I jumped directly from feature extraction to BoostSVM because I have been writing programs, analyzing junk text, and thinking about the shortcomings of text classification for identifying junk text. Learning text classification by yourself is all about identifying junk text.

The blog in the middle will be added after you have thoroughly researched it.

 

Because when getting junk text, it is found that junk text is not simple junk text, they have multiple characteristics:

1. There are many kinds, and it is difficult to have common characteristics. Advertising covering all walks of life, or politically sensitive content, or pornographic information. Unlike text classification, which belongs to a category of text, their content belongs to that field, and feature extraction is very convenient

2. It has a certain degree of disguise. On the surface, 80% of the content is normal, and only 20% of the content of the advertisement is introduced.

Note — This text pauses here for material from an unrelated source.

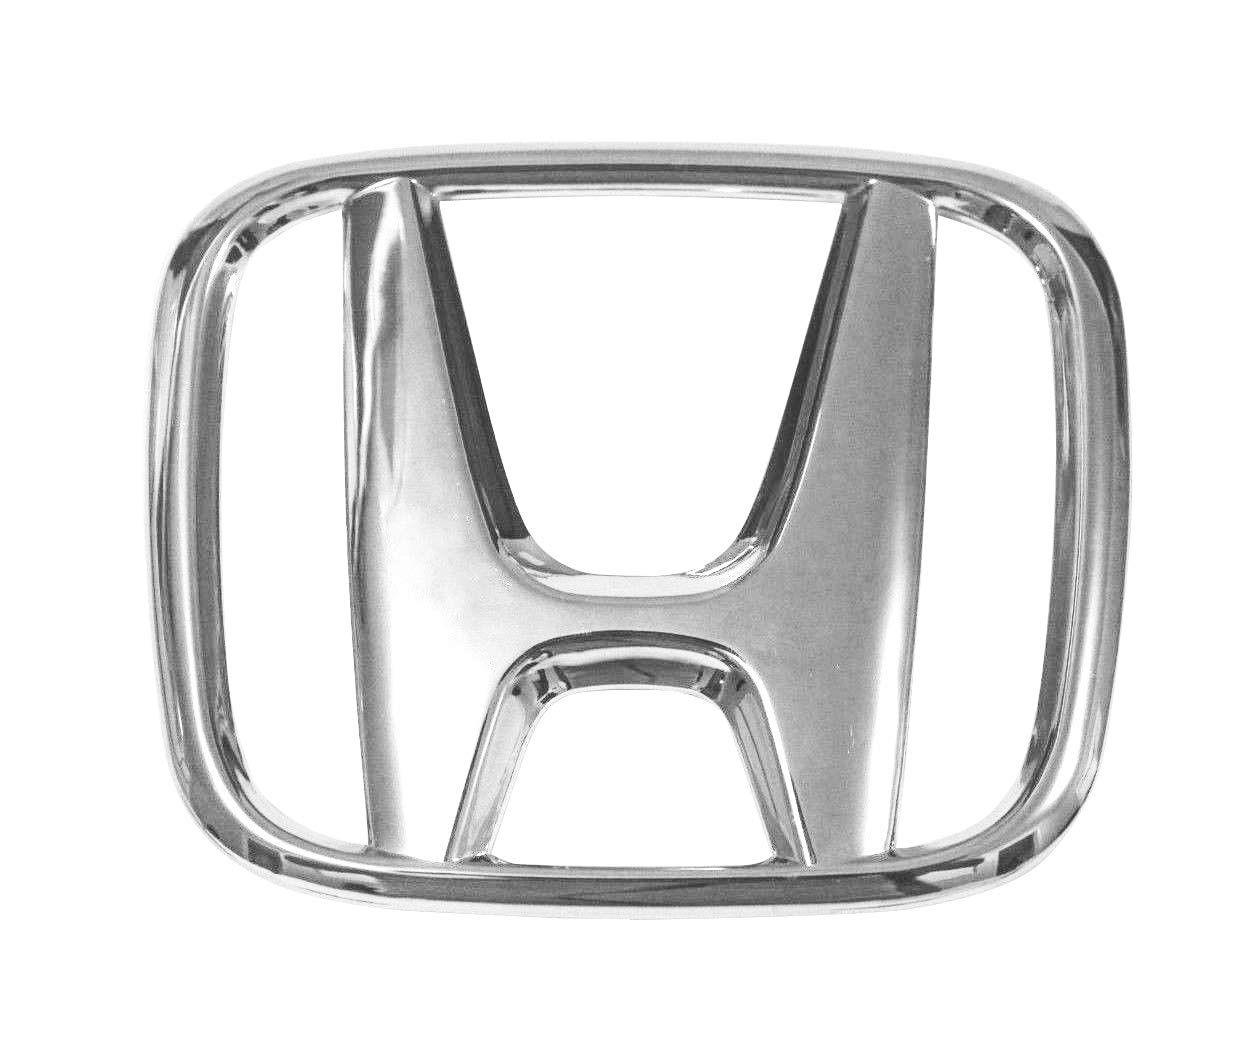 H Car Logo - Amazon.com: Noa Store Replacement Emblem for Honda Accord Front ...
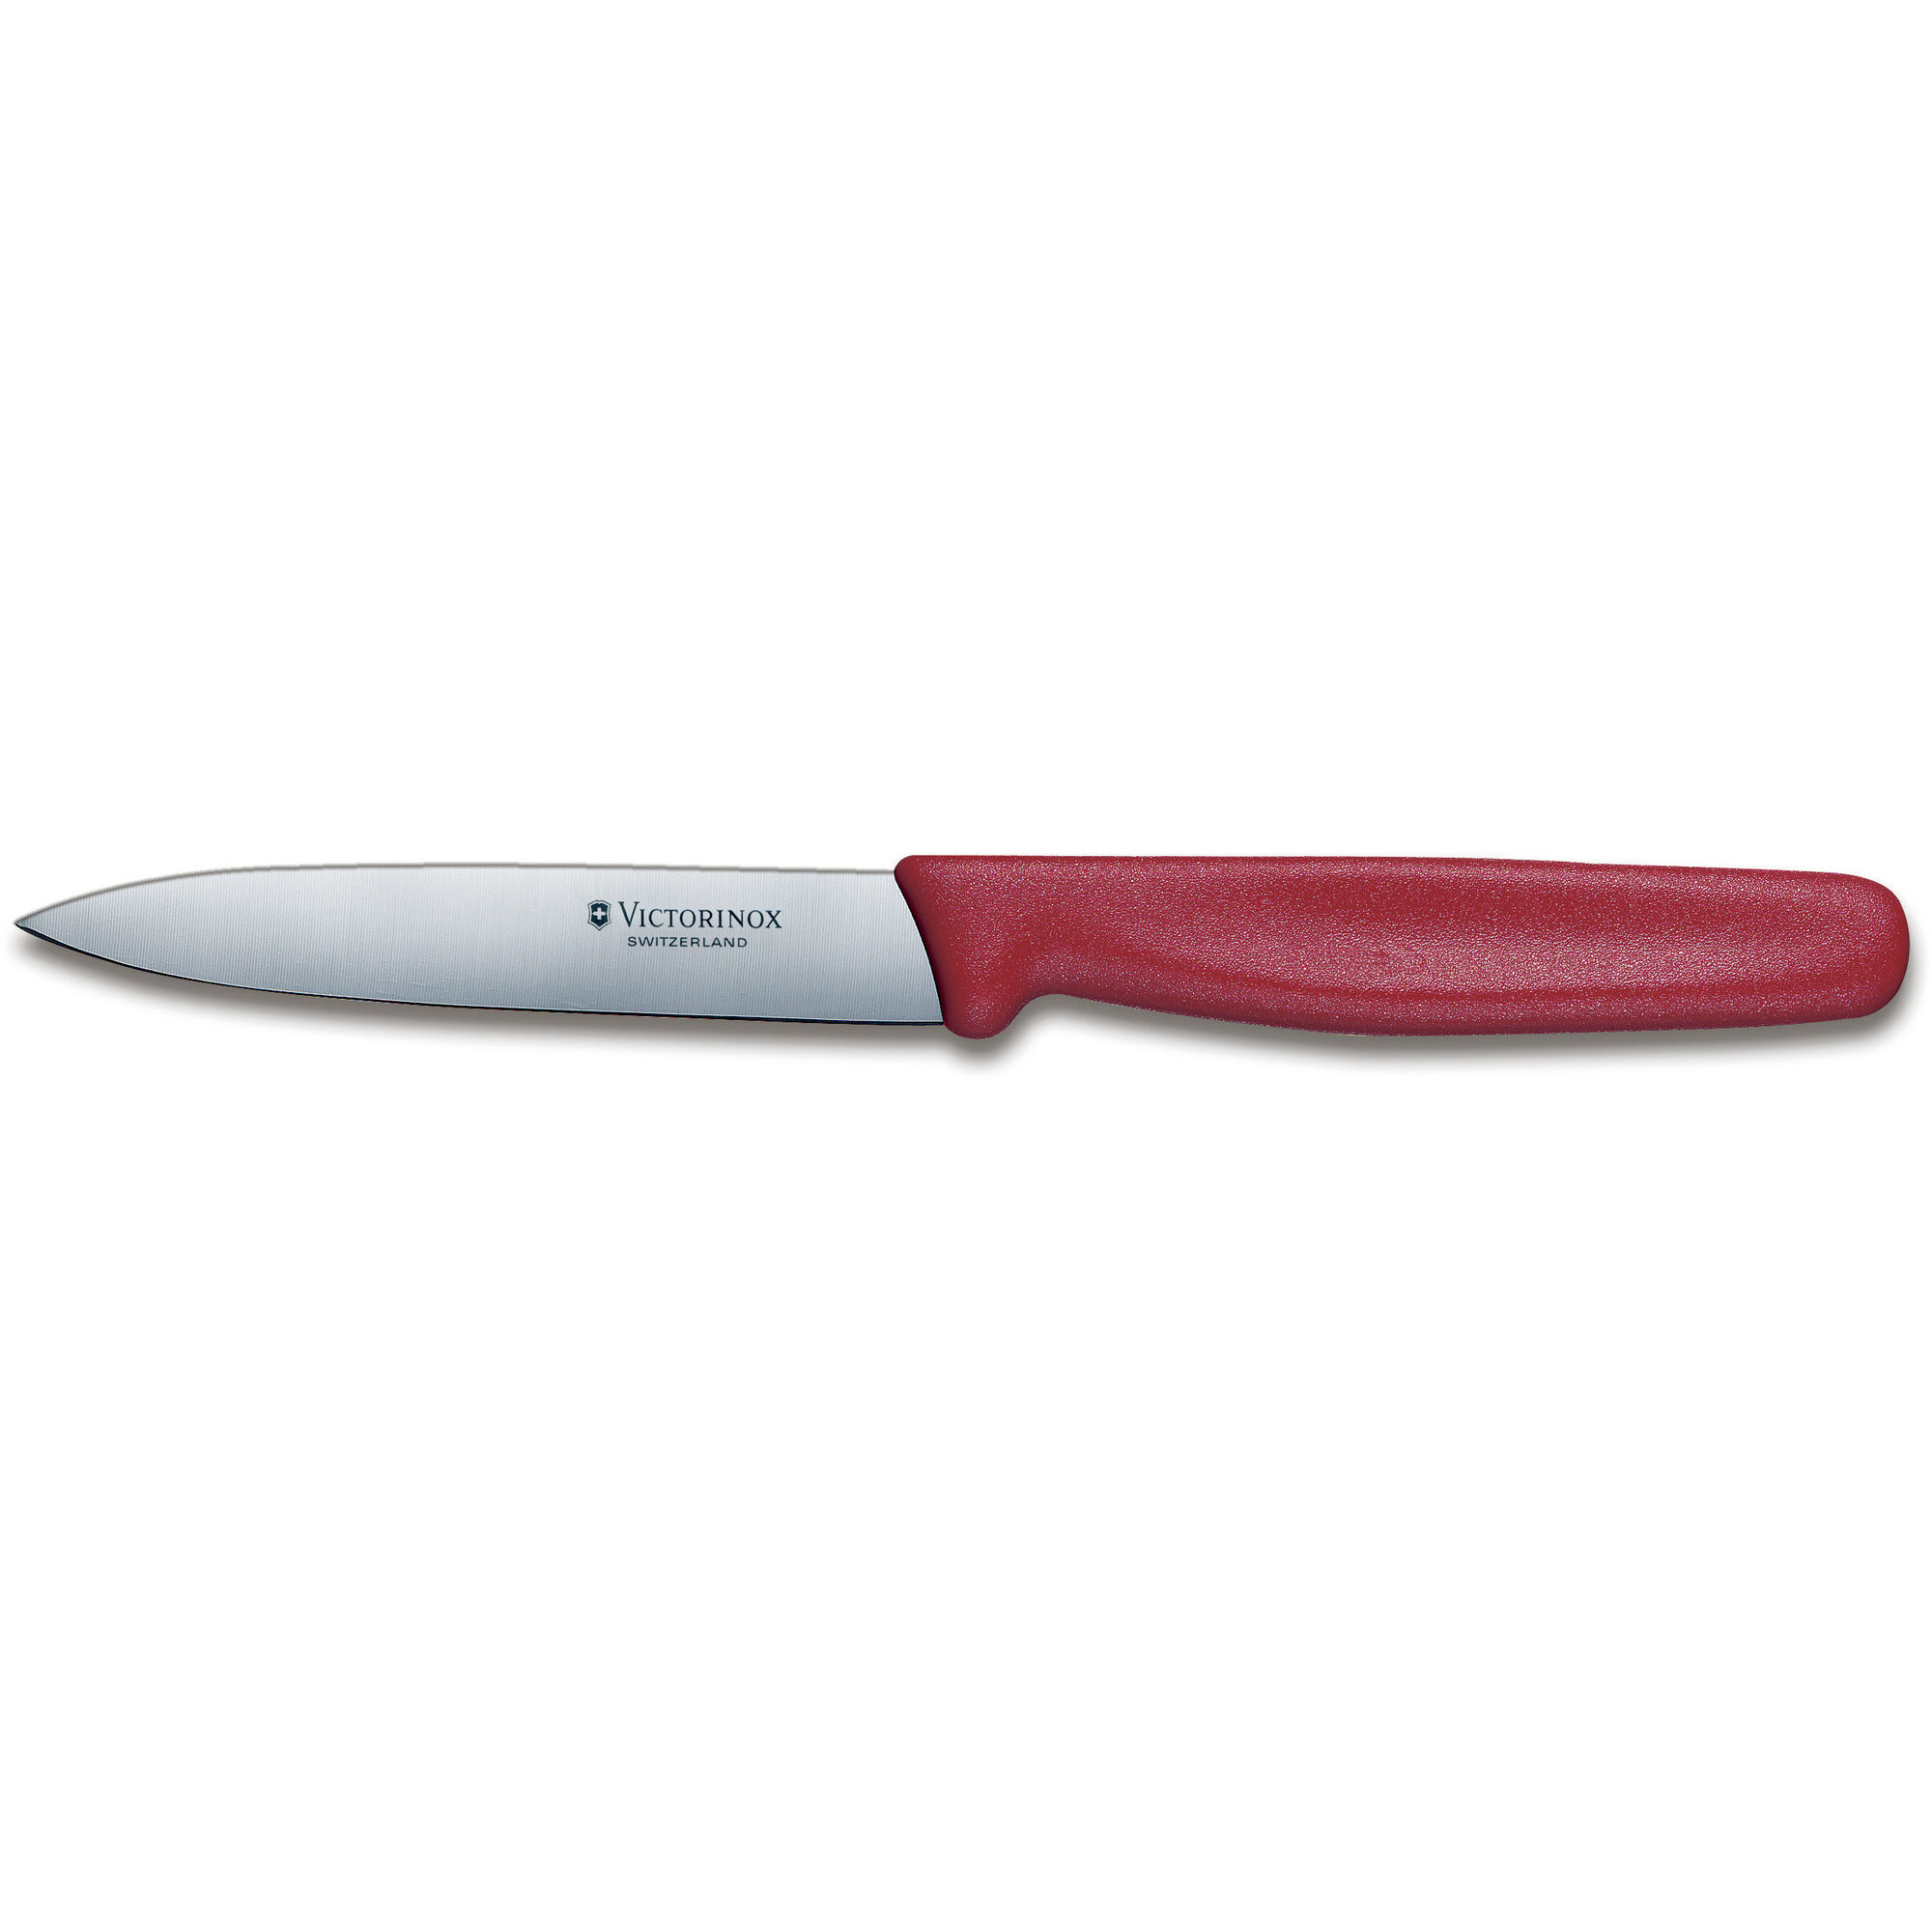 Victorinox Spids urtekniv i rød 10cm.

3. The forms are diverse, there are a lot of junk texts in Martian script, and there are a lot of junk texts with links, all of which cannot be segmented.

 

One of the reasons why AdaBoost is considered is because someone has indeed studied the combination of AdaBoost and SVM, which combines the weak classifiers trained by SVM into a strong classifier.

The second is because, I feel that SVM will have a poor classification effect on the garbage text described above. SVM originally trained a strong classifier. If the correct rate of adjustment parameters is always about 50%, then it is a weak classifier. Can this problem be solved by AdaBoost? Everything has to be verified in practice.

 

The basic idea of ​​AdaBoost algorithm:

At the beginning, a training set N is given, and the training set is marked with a weight W, and W = 1/N of all training samples in the initial stage.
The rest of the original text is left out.